----- Records shown
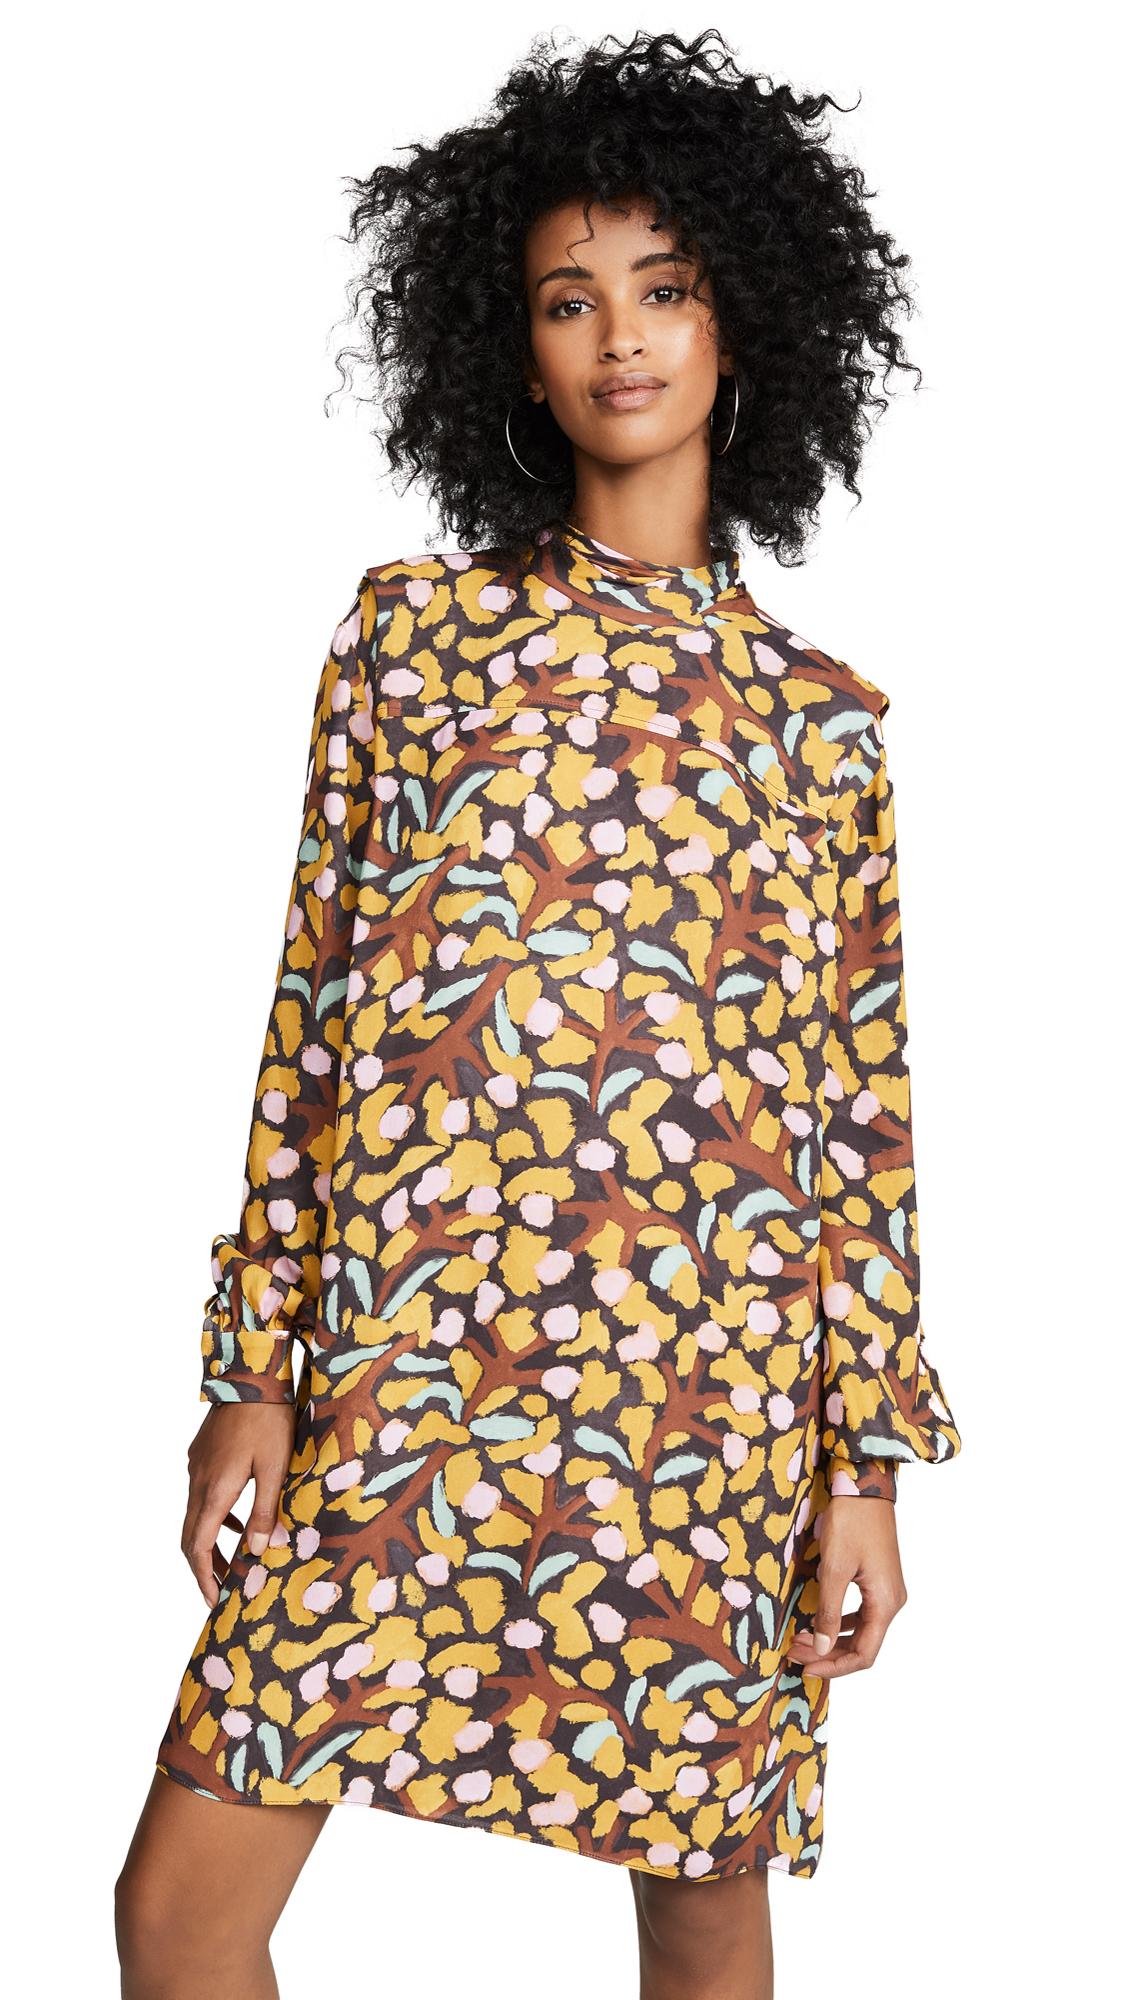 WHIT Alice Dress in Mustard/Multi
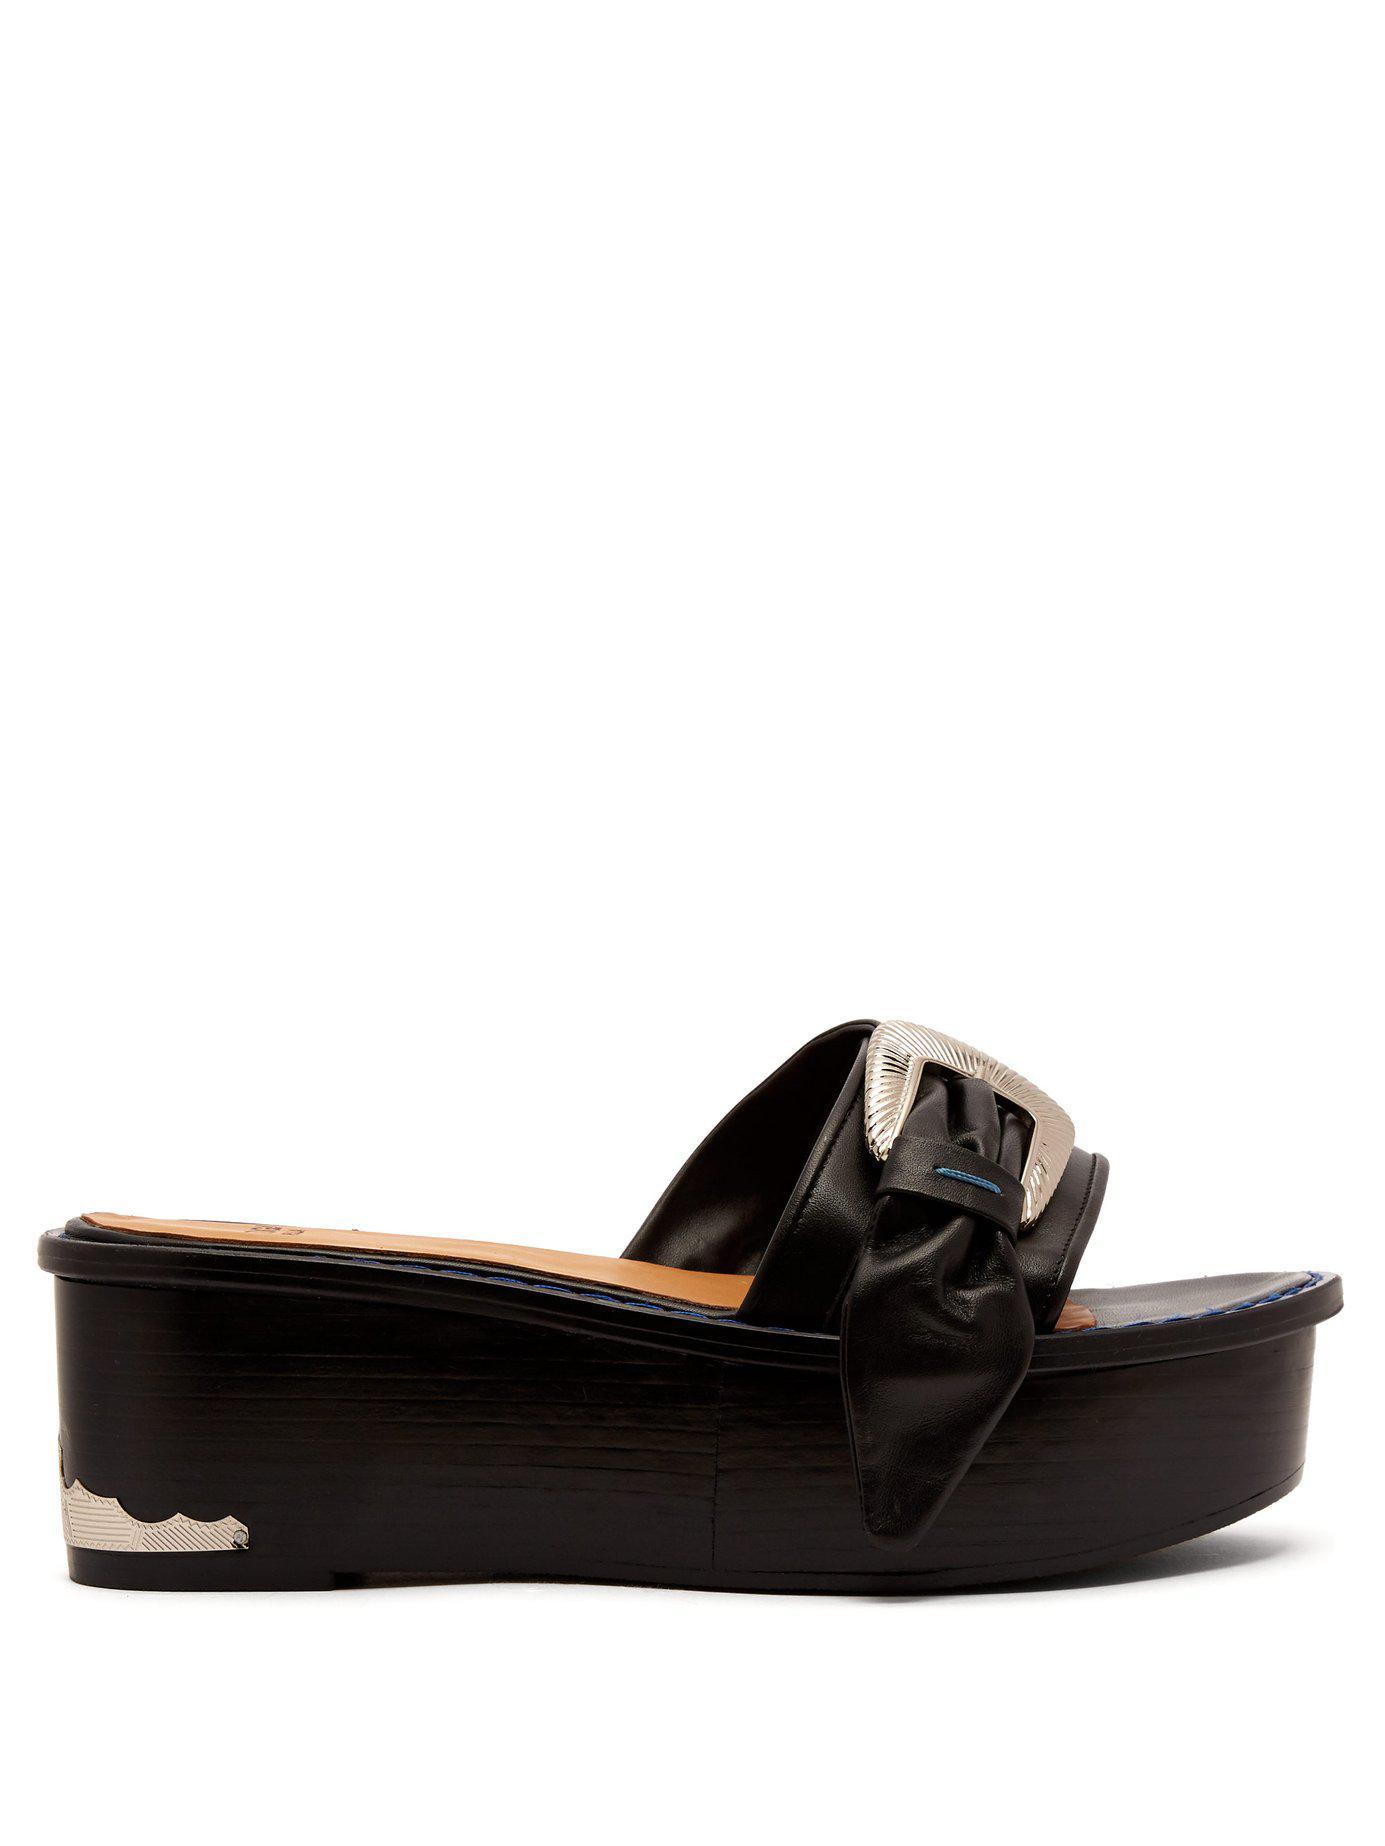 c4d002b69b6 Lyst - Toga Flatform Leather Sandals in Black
----------
----- Records shown
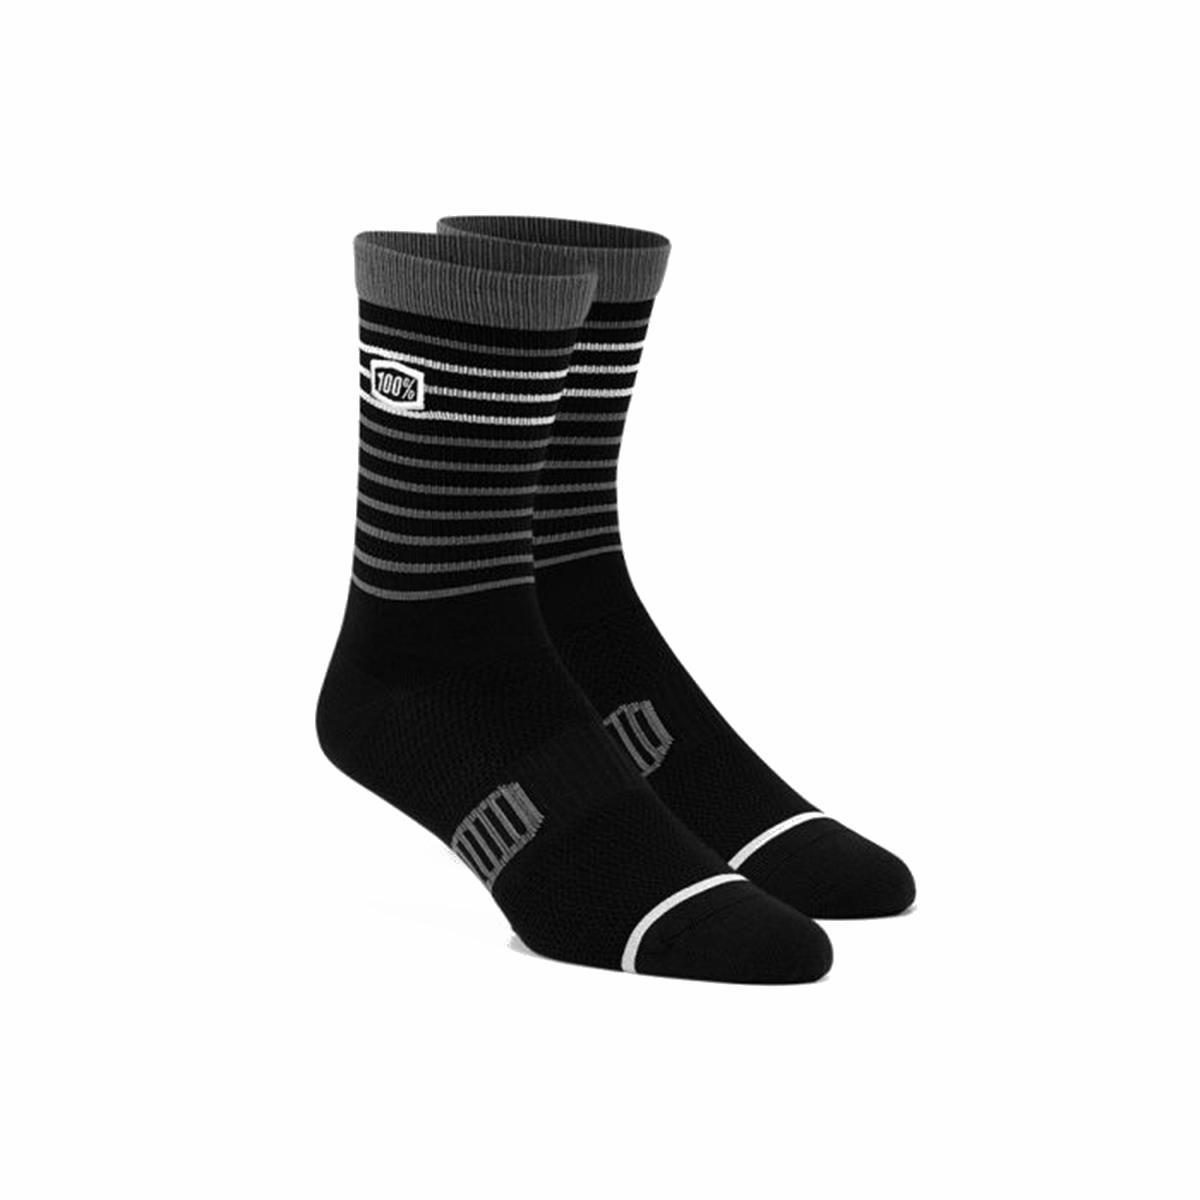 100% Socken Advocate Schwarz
----------
## Aim of the exercise
Restate the lines above from the one containing "WHIT Alice Dress in Mustard/Multi" through the one containing "c4d002b69b6 Lyst - Toga", inclusive, exactly and without pictures.

## Solution
 WHIT Alice Dress in Mustard/Multi
 c4d002b69b6 Lyst - Toga Flatform Leather Sandals in Black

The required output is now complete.